Ryan rejects the term “voucher” in descriptions of his plan, instead calling the aid “premium support” for the purposes of purchasing private insurance. Lower-income seniors would get more support than wealthier ones, as would seniors who become ill or have chronic health conditions. Ryan’s plan would turn Medicaid, government-run health insurance for the poor and disabled, into federal block grants, which are given to each state in a finite sum.
But in an olive branch to Ryan and the Republicans, Obama added a few lines to his prepared marks that suggested he believes they have the best interests of the country at heart.
“Even those Republicans I disagree with most strongly, I believe are sincere about wanting to do right by their country,” Obama said. “We may disagree on our visions, but I truly believe they want to do the right thing.”
Republicans did not hesitate to strike back at Obama after the speech, particularly on the tax issue.
“More promises, hollow targets, and Washington commissions simply won’t get the job done,” said Speaker Boehner in a statement. “To reduce the economic uncertainty hanging over American job creators we must demonstrate that we’re willing to take action. And any plan that starts with job-destroying tax hikes is a nonstarter.”

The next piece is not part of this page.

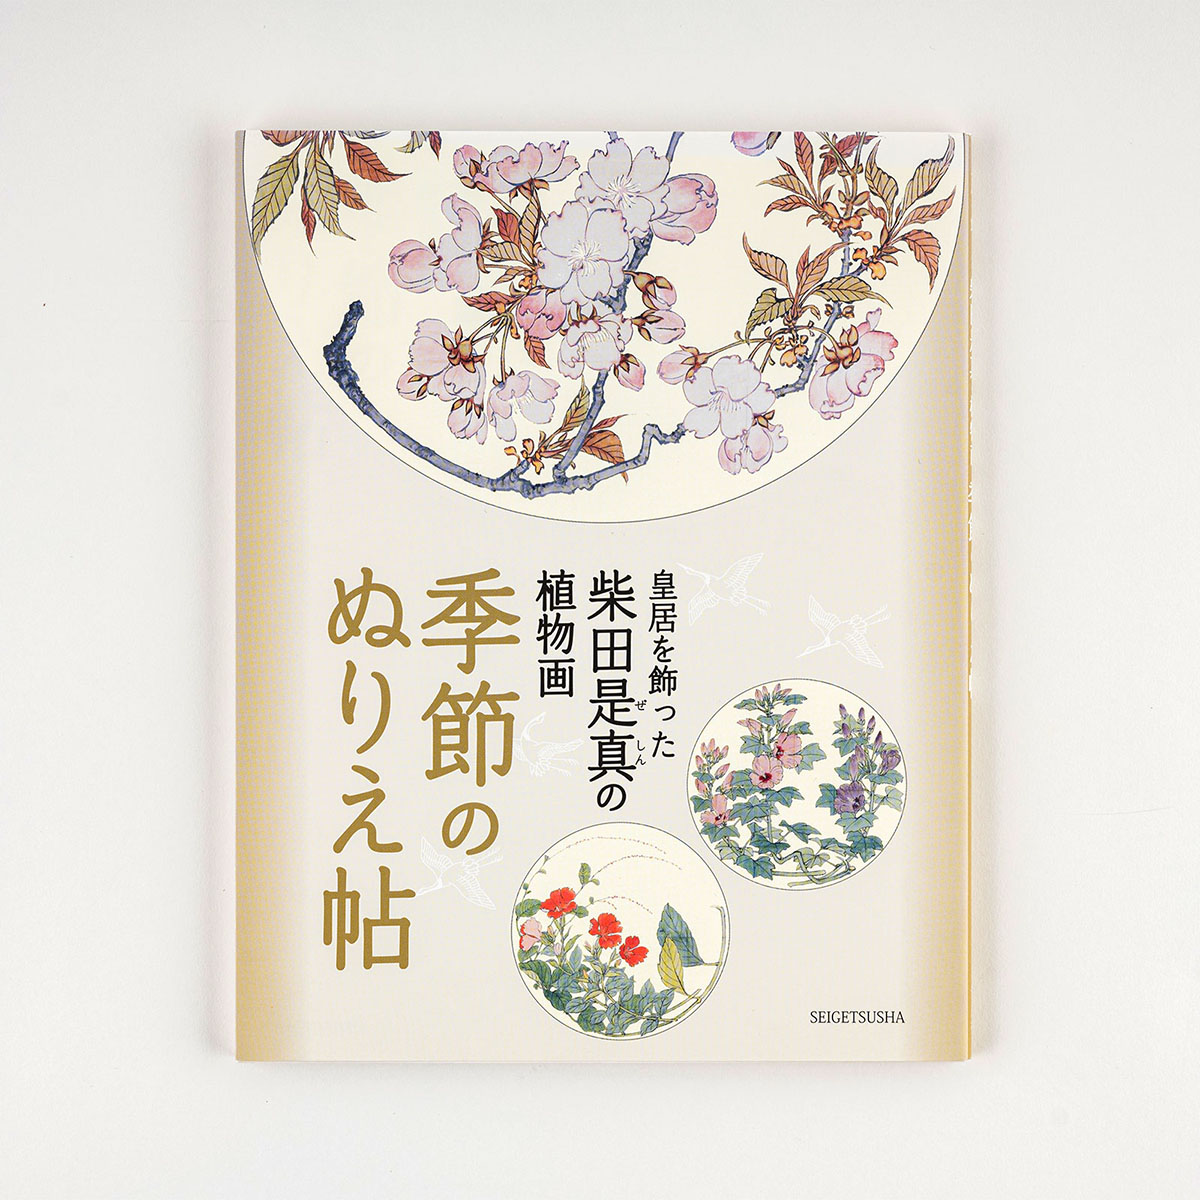 Seasonal Coloring Book of Shibata Zeshin's Floral Paintings that 
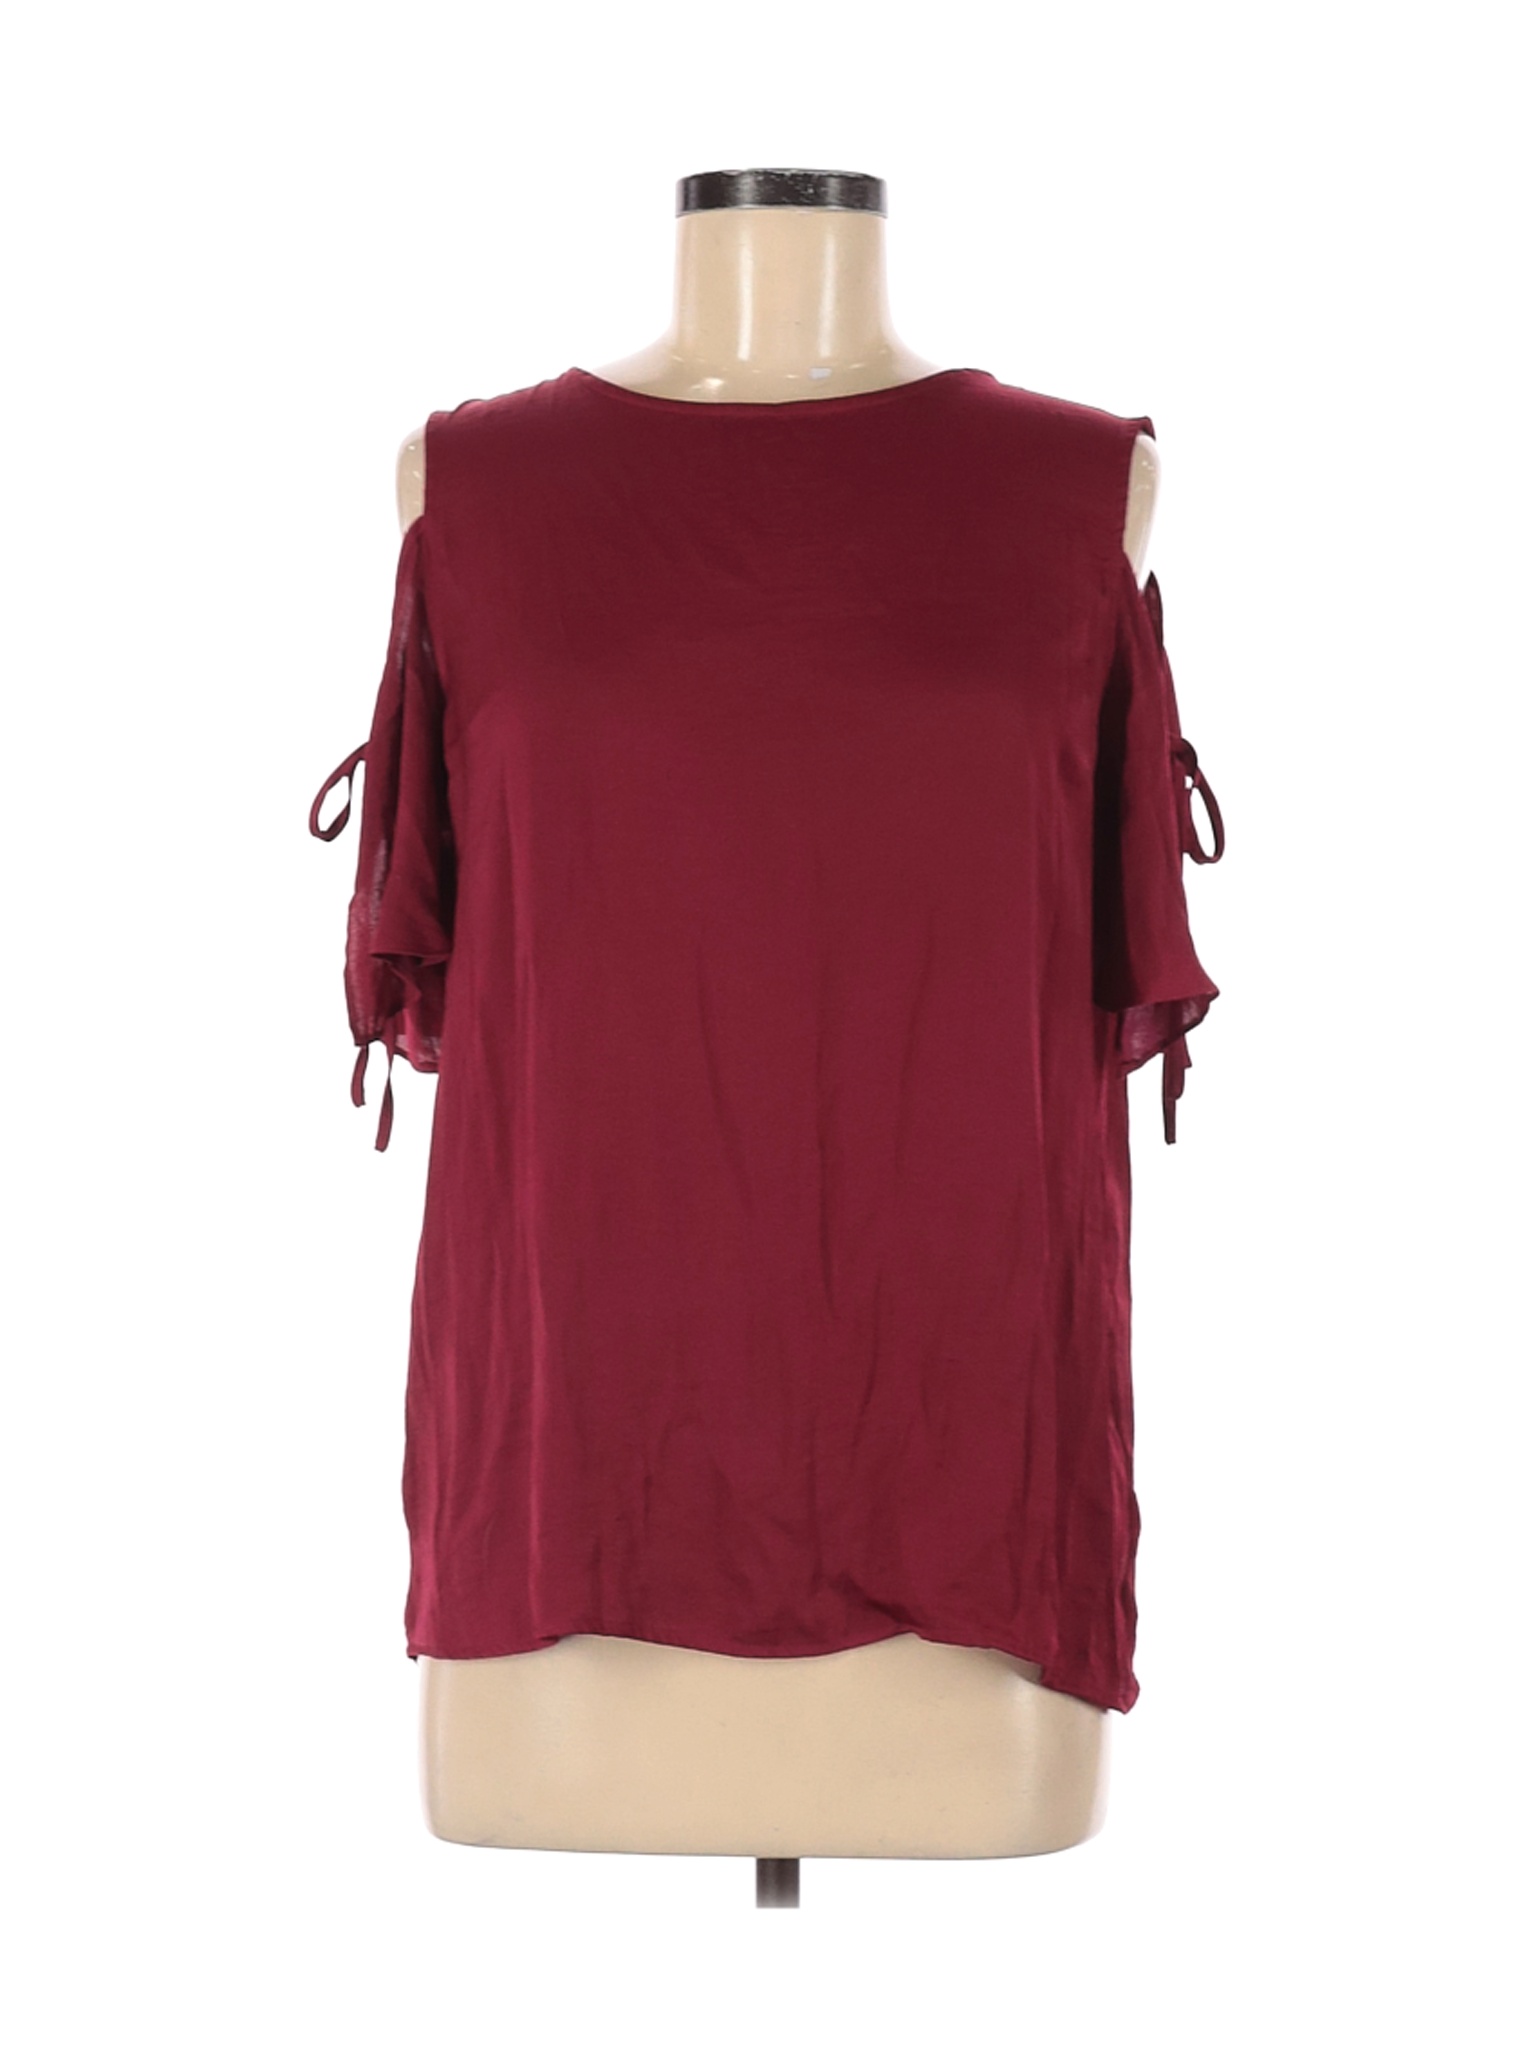 Who What Wear Women Red Short Sleeve Blouse M | eBay

Former Massachusetts Gov. Mitt Romney, who has just launched an exploratory committee to run for president, also lashed out: “President Obama’s proposals are too little, too late. Instead of supporting spending cuts that lead to real deficit reduction and true reform of Medicare, Medicaid, and Social Security, the president dug deep into his liberal playbook for ‘solutions’ highlighted by higher taxes.”